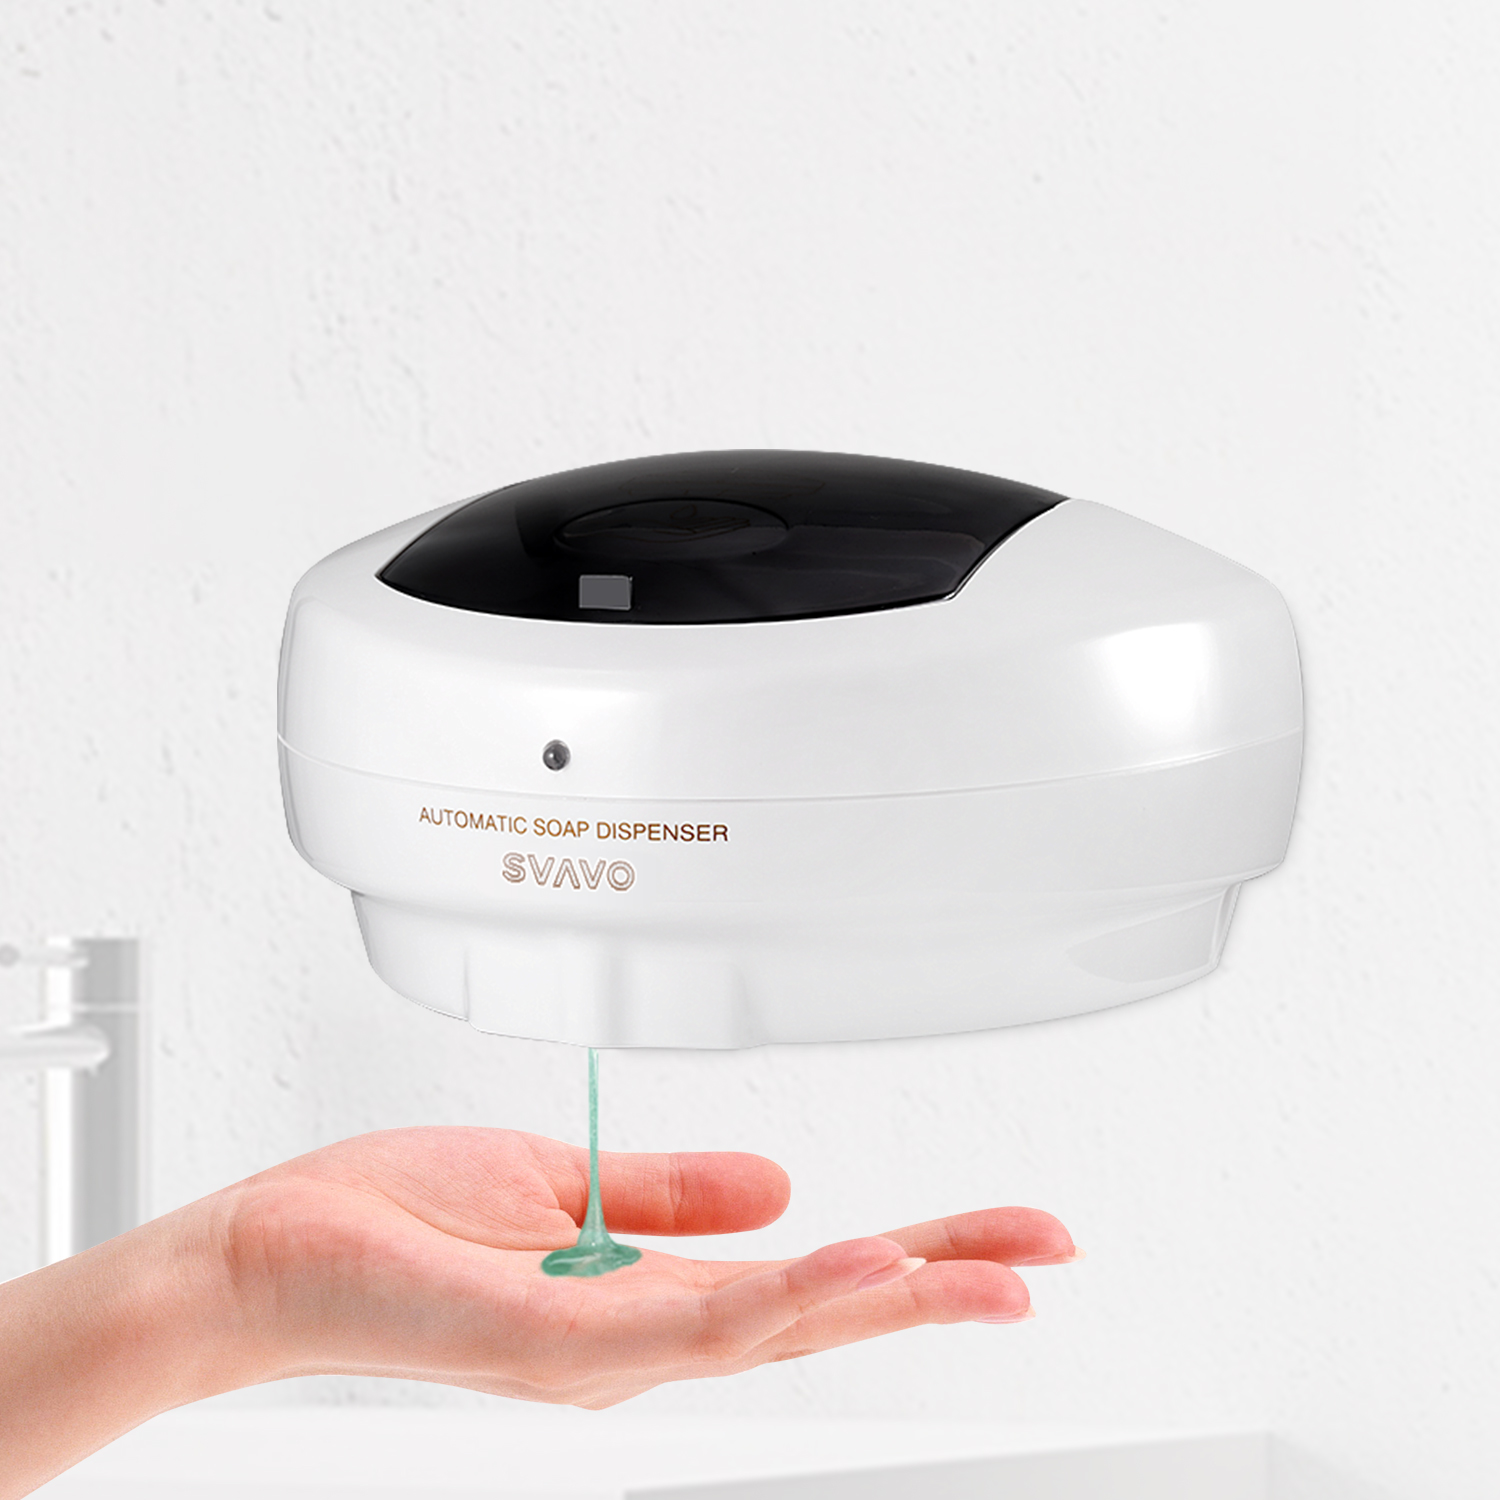 Touchless Commercial Automatic Wall Soap Dispenser SVAVO
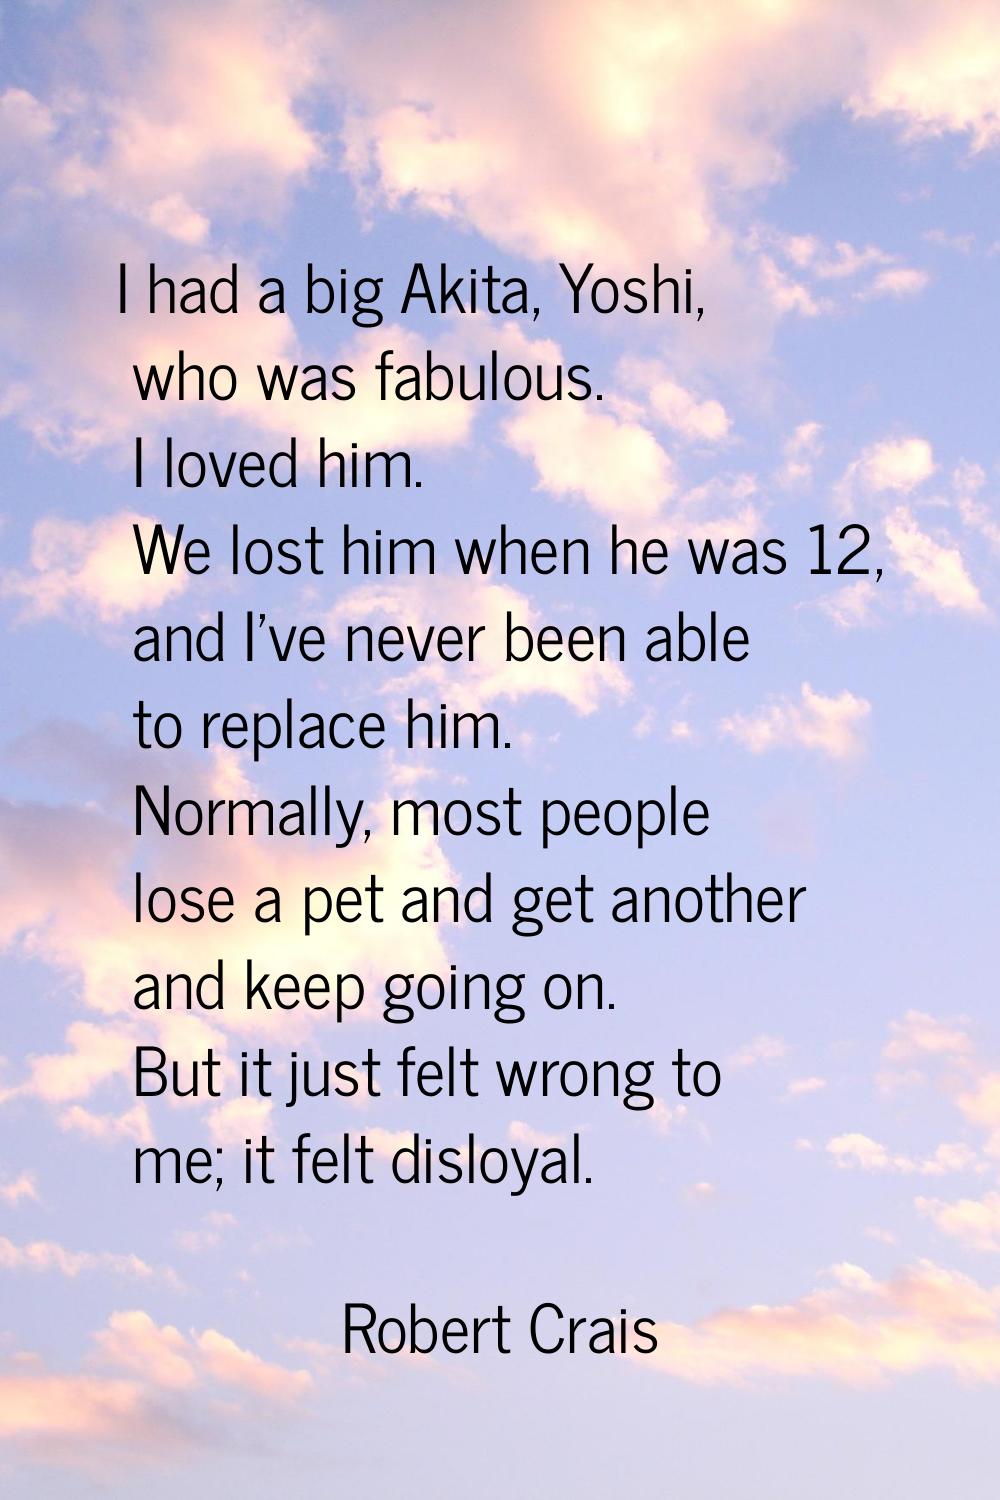 I had a big Akita, Yoshi, who was fabulous. I loved him. We lost him when he was 12, and I've never
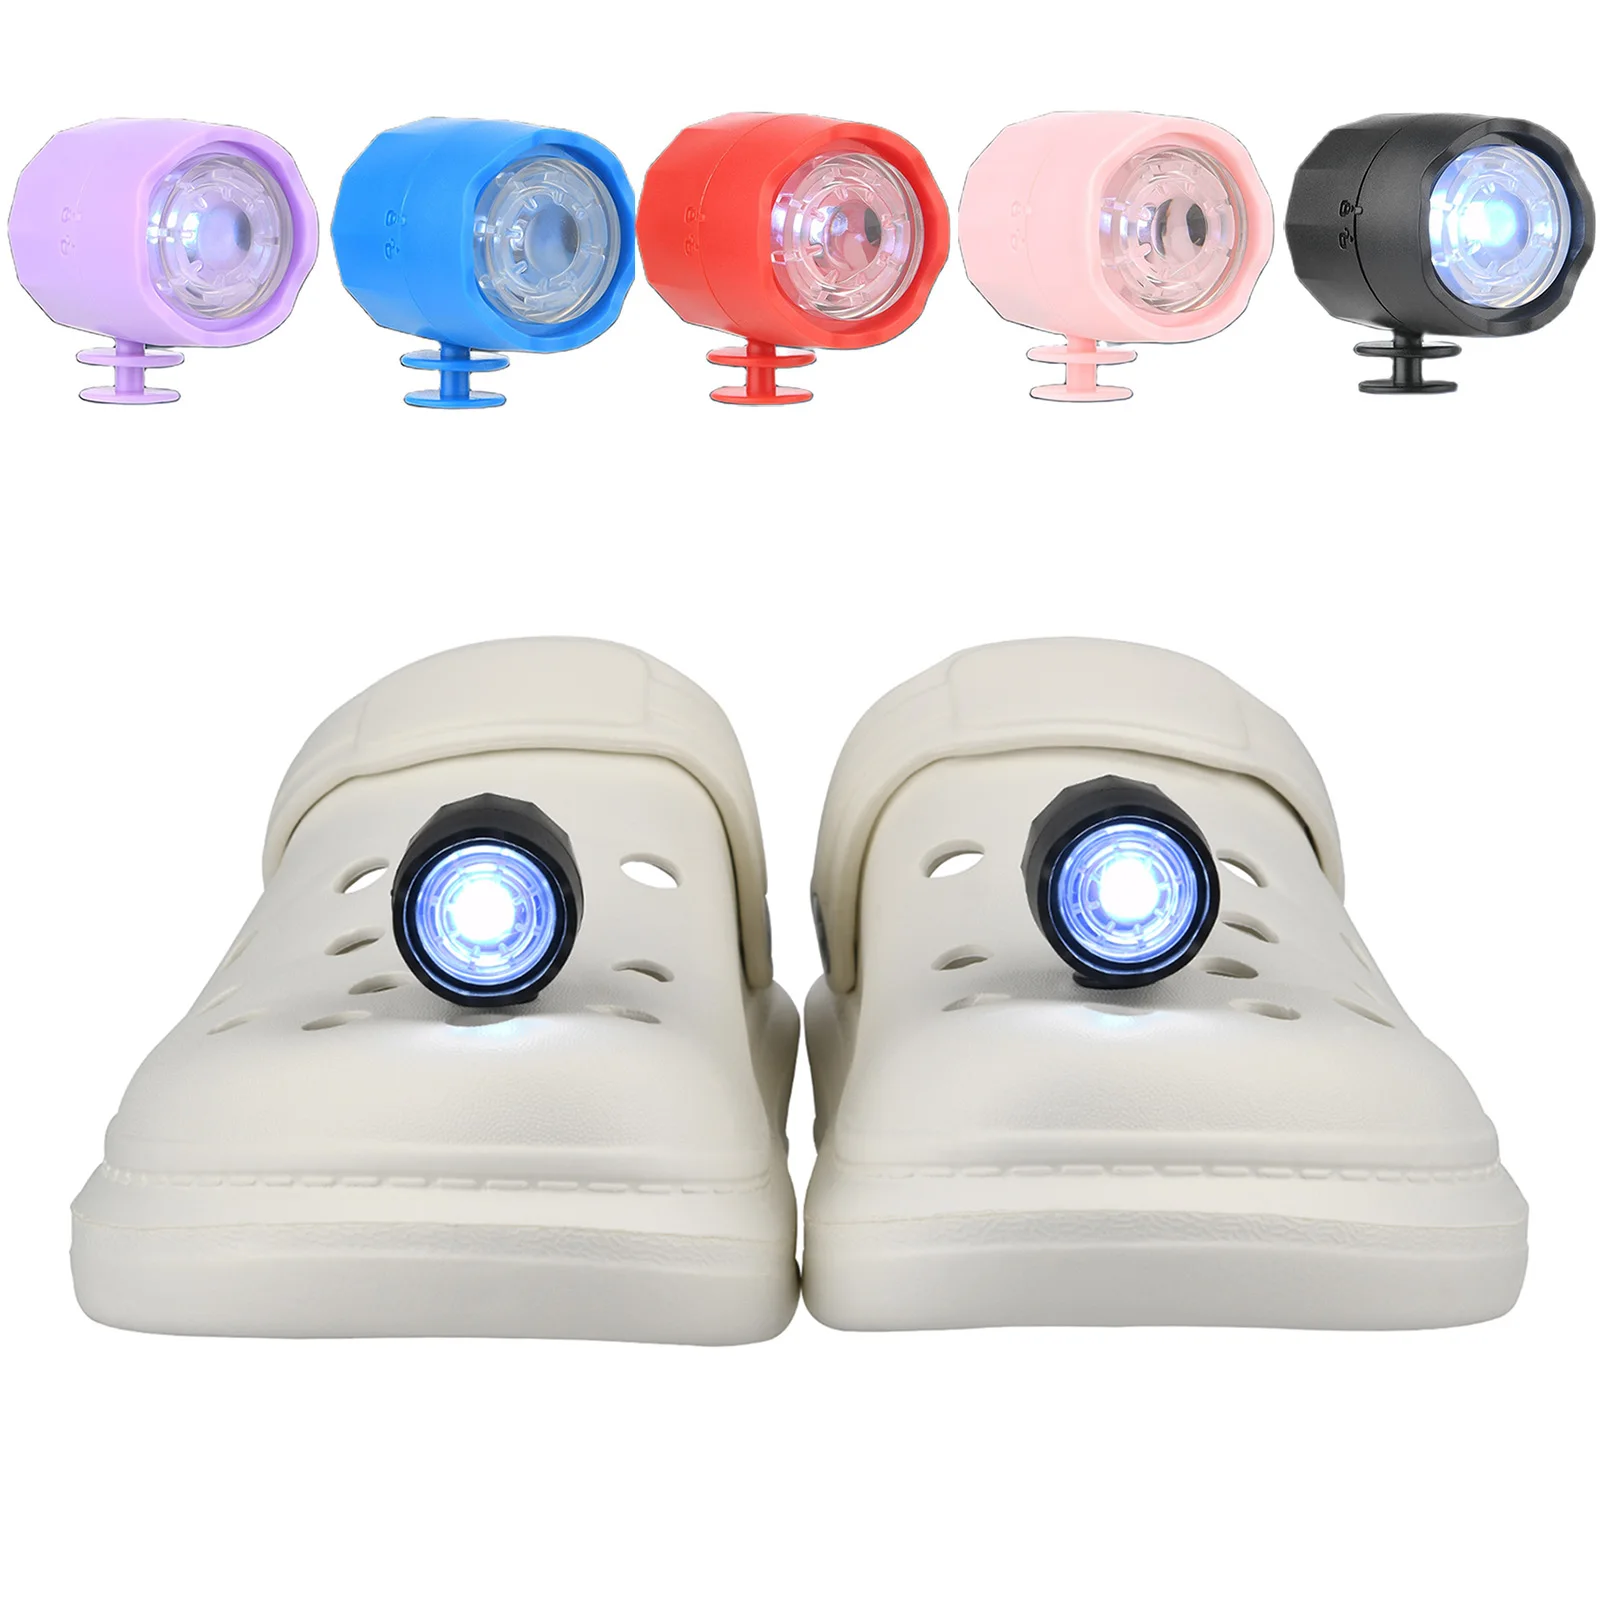 Croc Headlights, Light Shoes Decoration Accessories for Running Walking Camping Gift Rechargeable Headlights For Shoe Lights
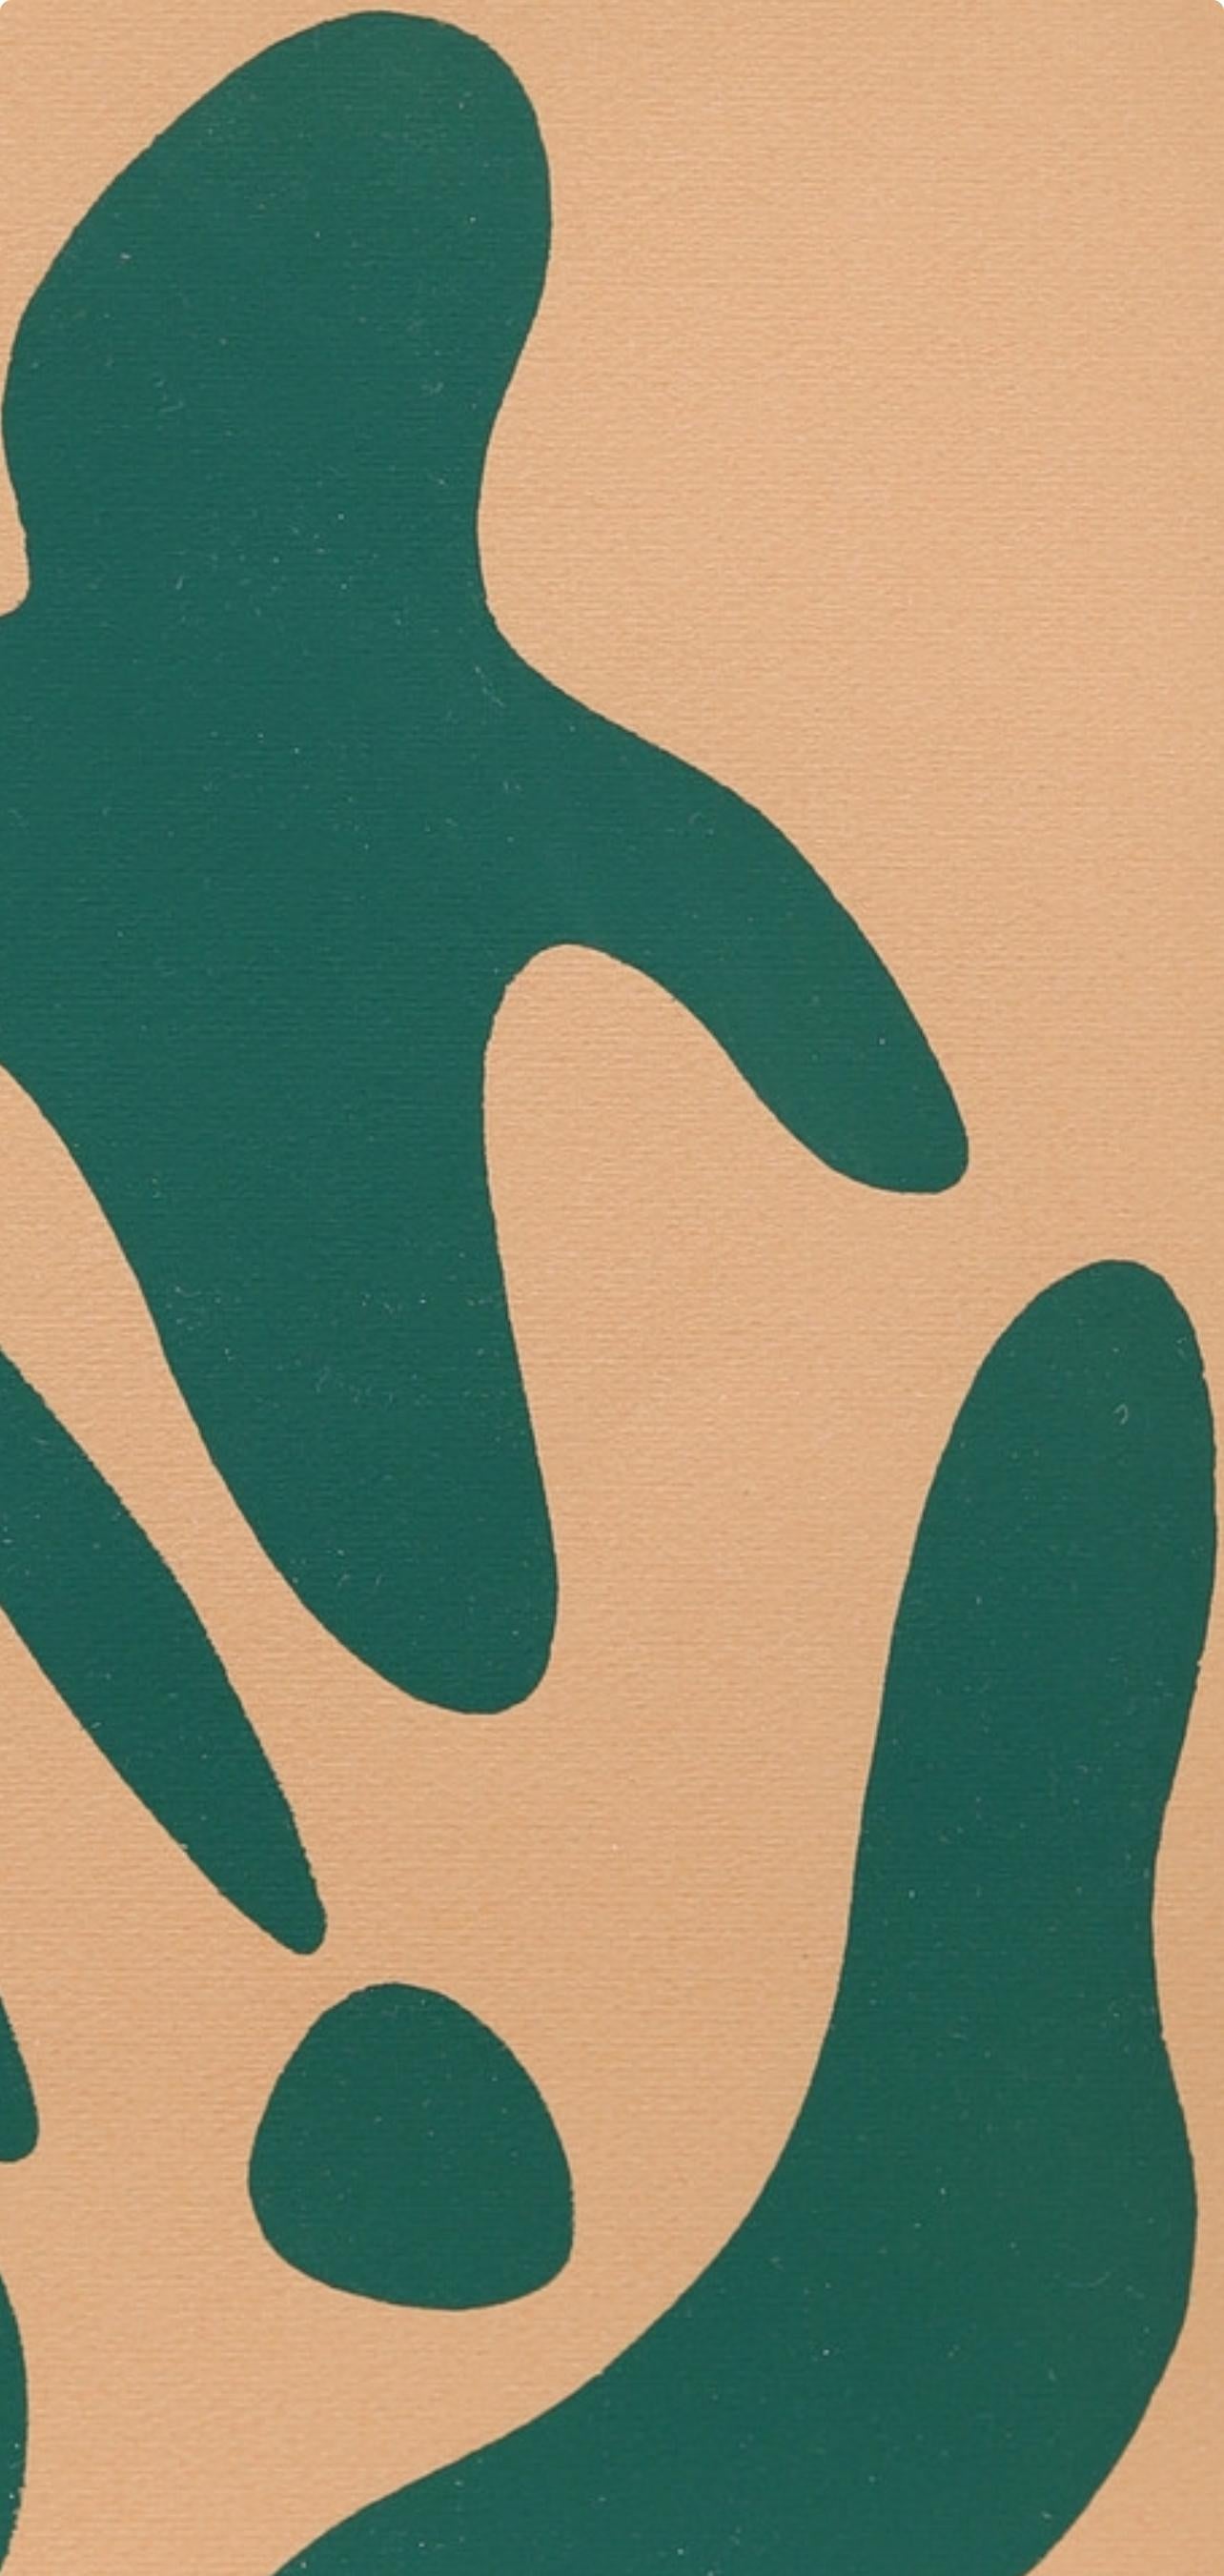 Arp, Constellation, XXe Siècle (after) - Surrealist Print by Jean Arp

◇ ◇ ◇ ◇ ◇ ◇ ◇

## What is being asked
The expected output is the full material above, unaltered, with pictures removed.

## Task output
 Touchless Commercial Automatic Wall Soap Dispenser SVAVO
 I had a big Akita, Yoshi, who was fabulous. I loved him. We lost him when he was 12, and I've never
 Croc Headlights, Light Shoes Decoration Accessories for Running Walking Camping Gift Rechargeable Headlights For Shoe Lights
 Arp, Constellation, XXe Siècle (after) - Surrealist Print by Jean Arp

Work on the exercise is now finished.